Anders Johnson

Personal information
- Born: September 24, 1997 (age 28) Fort Frances, Ontario. Canada

Sport
- Country: Canada
- Sport: Speed skating
- Event(s): 500 m, 1000 m

Medal record
Men's speed skating
Representing Canada
World Single Distance Championships
| Gold medal – first place | 2024 Calgary | Team sprint |
Four Continents Championships
| Gold medal – first place | 2024 Salt Lake City | Team sprint |
| Bronze medal – third place | 2025 Hachinohe | Team sprint |

= Anders Johnson (speed skater) =

Canadian speed skater (born 1997)

Anders Johnson (born September 24, 1997) is a Canadian speed skater. He competes primarily in the sprint distances of 500 m and 1000 m.

==Career==
Johnson took up speed skating at the age of 17 in Edmonton, Canada, having previously skated on hockey skates from early childhood and played hockey until Grade 12. At the 2024 World Single Distances Speed Skating Championships in Calgary, Johnson along with Laurent Dubreuil and Antoine Gélinas-Beaulieu, won the gold medal in the team sprint event, breaking the World record in the process.
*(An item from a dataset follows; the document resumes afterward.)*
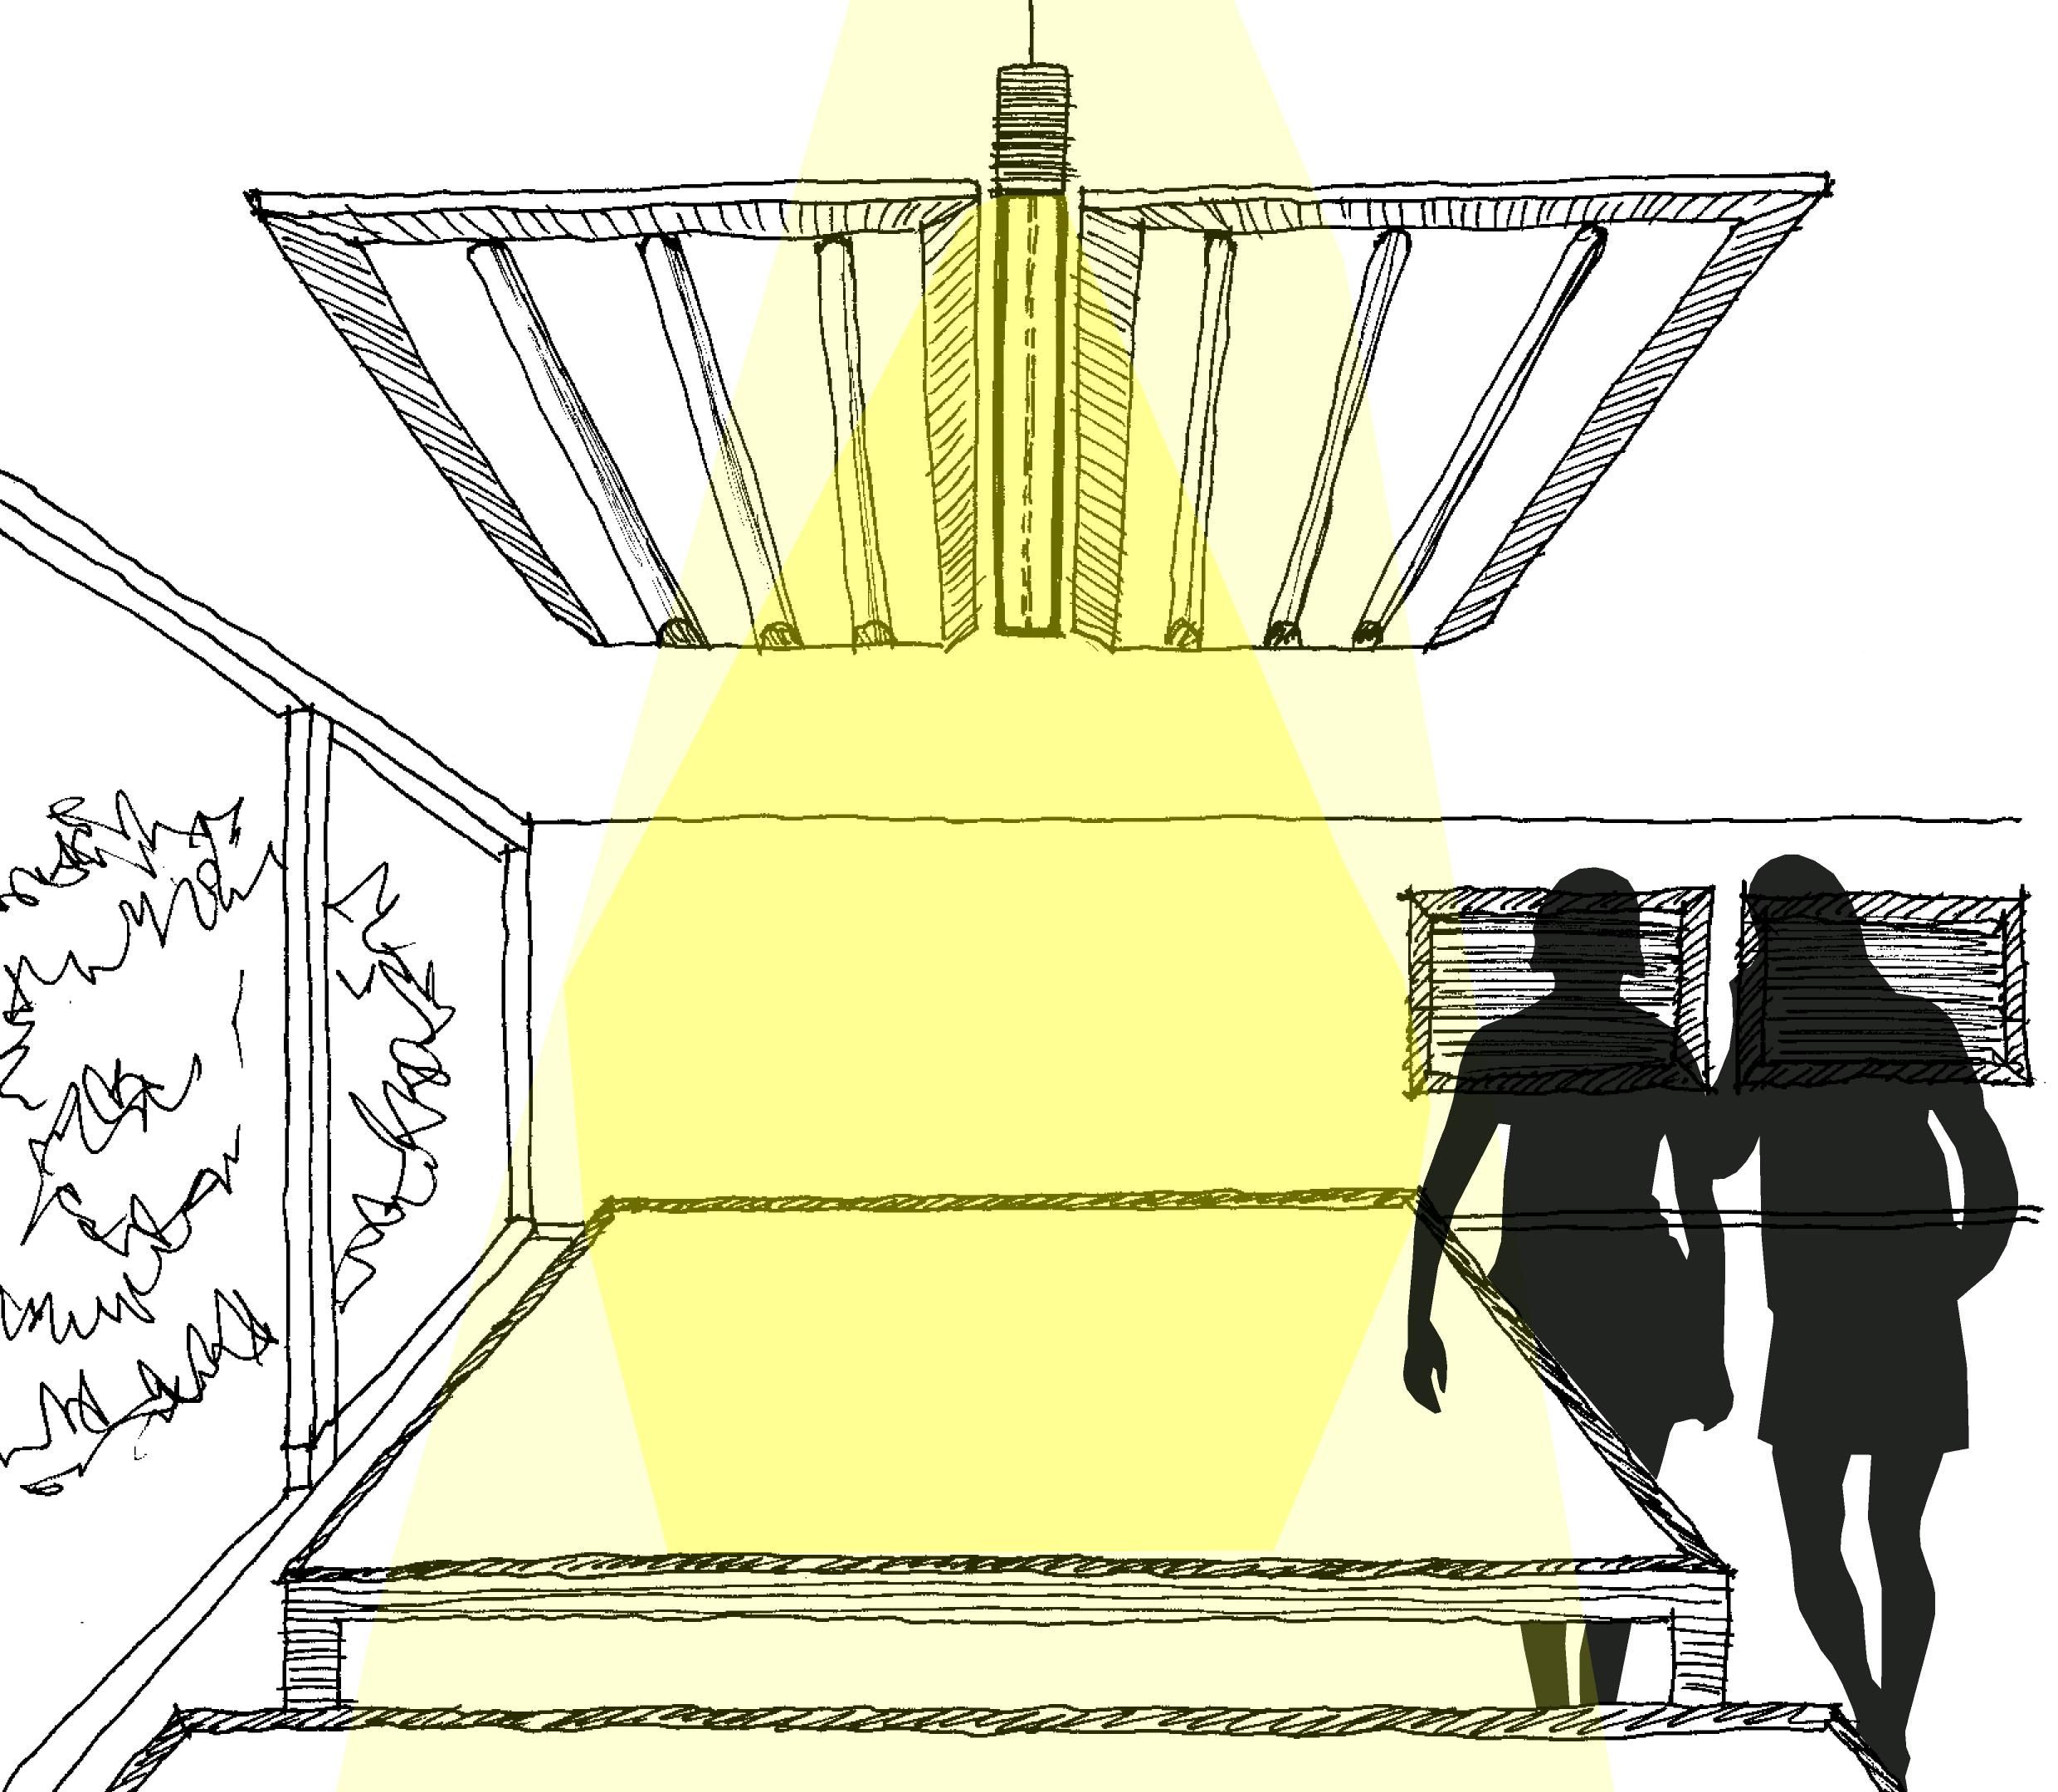 Diade lighting and sound absorption system - Sketch - Monica Armani for Luceplan

Earlier that season, the team would also win gold at the 2024 Four Continents Speed Skating Championships in Salt Lake City.
Anders to make his Olympic debut at the Milano Cortina 2026 Winter Games in the 500m and 1000m distances.

==Personal life==
Johnson is a Christian. Johnson's grandfather is Danny Johnson, a former hockey player who played in the NHL. Johnson attends Liberty University virtually studying Theology apologetics.